Hap A and Hap C had different alleles in all SNPs. This suggests that Hap A and Hap C may have different evolutionary pathways. However, Hap A and Hap B are likely evolutionarily derived since they had similar SNP haplotypes (Table 3) and both haplotypes carried 9A pattern at 5′ of the CGG repeats tract (Figures 2 and 3). The evolution of CGG repeats is likely from primitive small to large CGG repeats. An evolutionary study of the CGG repeats of the FMR1 gene showed that most nonprimate mammals have a small number of uninterrupted CGG repeats with a mean of ~8 repeats, while the repeats of primates are larger with a mean of ~20 repeats and more highly specific interruptions [20]. Therefore, we hypothesize that there may be two distinct pathways in our findings. First, chromosomes with 29 and 30  CGG repeats may independently arise from Hap A and Hap C by gradual replication slippage or recombination via the smaller alleles [20] and were stable by the 9A9A9 and 10A9A9 patterns, respectively [11, 21]. Second, the 6A pattern was linked to chromosomes with Hap B possibly derived from chromosomes with Hap A (major pathway) or Hap C (minor pathway). Simplified pathways of the hypothesis are shown in Figure 3. In addition, perhaps the 6A pattern enhances the stability of CGG repeat tracts [22, 23]. Thus, chromosomes with 36  CGG repeats linked to the 6A pattern have become the third most common allele in only Asian populations. It is also relevant to note that, to date, the 6A pattern has been exclusively found in Asians [511]. A study based on an Eskimo population indicated that the 6A pattern has been stably conserved for 15,000–30,000 years, since this group migrated from Asia to North America [7].

It has been proposed that AGG interruptions play a crucial role in maintaining the stability of the CGG repeats since premutation alleles often contain only one AGG or no AGG interruptions [3, 4, 2426]. Haplotypes analysis using microsatellites near the FMR1 gene (DXS548-FRAXAC1-FRAXAC2) found that specific haplotypes were associated with the loss of AGG interruptions of the CGG repeats in Caucasians [27] and Jewish Tunisians [28]. In contrast, the findings in African Americans using those three microsatellites and the SNP, ATL1 did not show a haplotype association with CGG repeats instability [29]. Also, our findings in this study support earlier studies where the SNP haplotype association between nearby SNPs and AGG interruption patterns in CGG repeats of the FMR1 gene likely reflects linkage disequilibrium in each population [9, 17, 30]. Therefore, it is difficult to determine if an associated haplotype is a real factor for CGG repeats instability or a linkage disequilibrium in a specific population [31].

5. Conclusion

Our study showed new evidence that the specific haplotype (Hap B) was strongly linked to the 6A pattern in Thai subjects since almost all chromosomes with Hap B had at least one 6A configuration, regardless of CGG repeats (i.e., 10A6A9, 12A6A9, 9A9A6A6A9, and 9A9A9A6A8A9).
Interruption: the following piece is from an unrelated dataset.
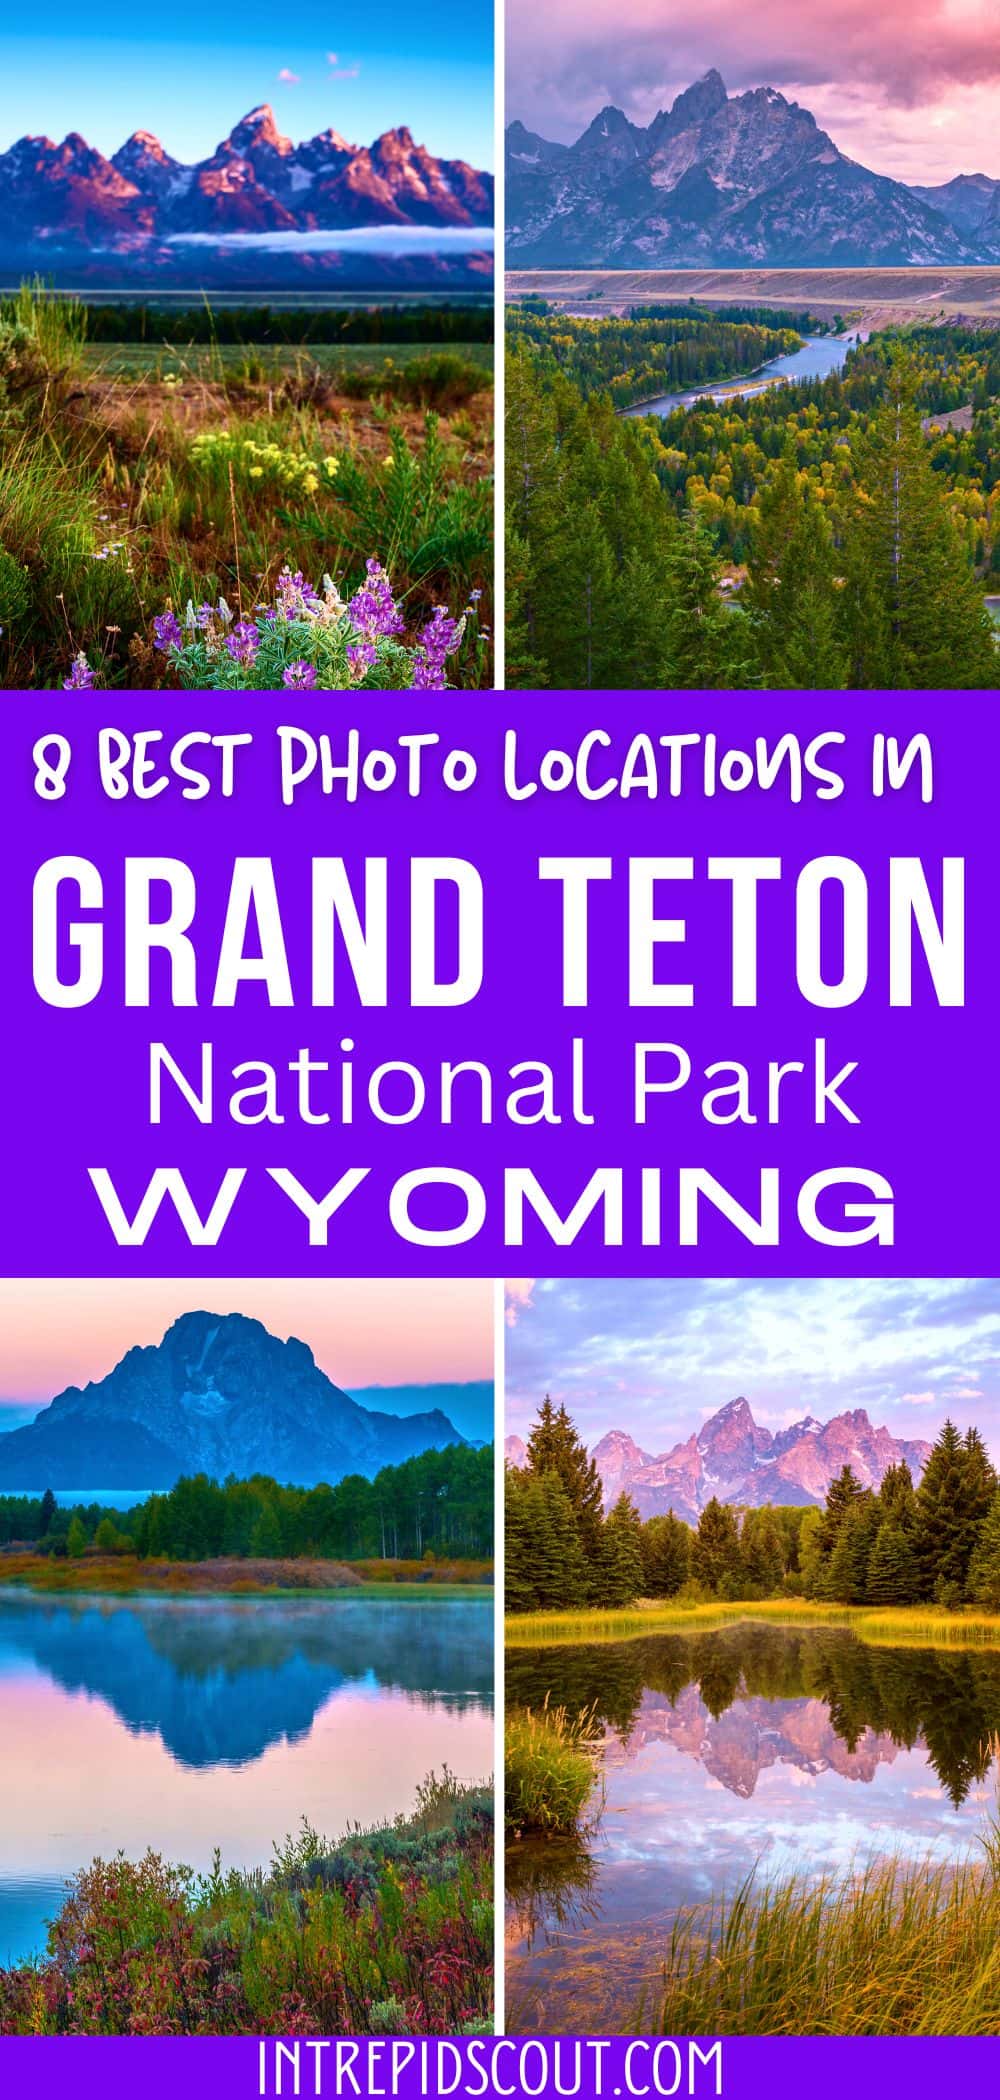 Best Photography Locations in Grand Teton

The 6A pattern and Hap B may have originally occurred in the ancestors of Asian populations. However, we could not completely exclude that the findings may be by chance or sample selection bias. Further studies of SNP haplotypes and AGG interruption patterns in other Asian populations would be warranted, to confirm and expand on our findings.

Conflict of Interests

The authors declare that they have no conflict of interests.

Acknowledgments

The authors would like to thank Ms. Charunee Maharat, Ms. Supaporn Yangngam, and Ms. Oradawan Plong-On for technical assistance. This work was supported by the Graduate School, Prince of Songkla University (EC. 48/364-010), and was partly supported by the National Center for Genetic Engineering and Biotechnology (BIOTEC) Grant no. BT-B-01-MG-18-4814.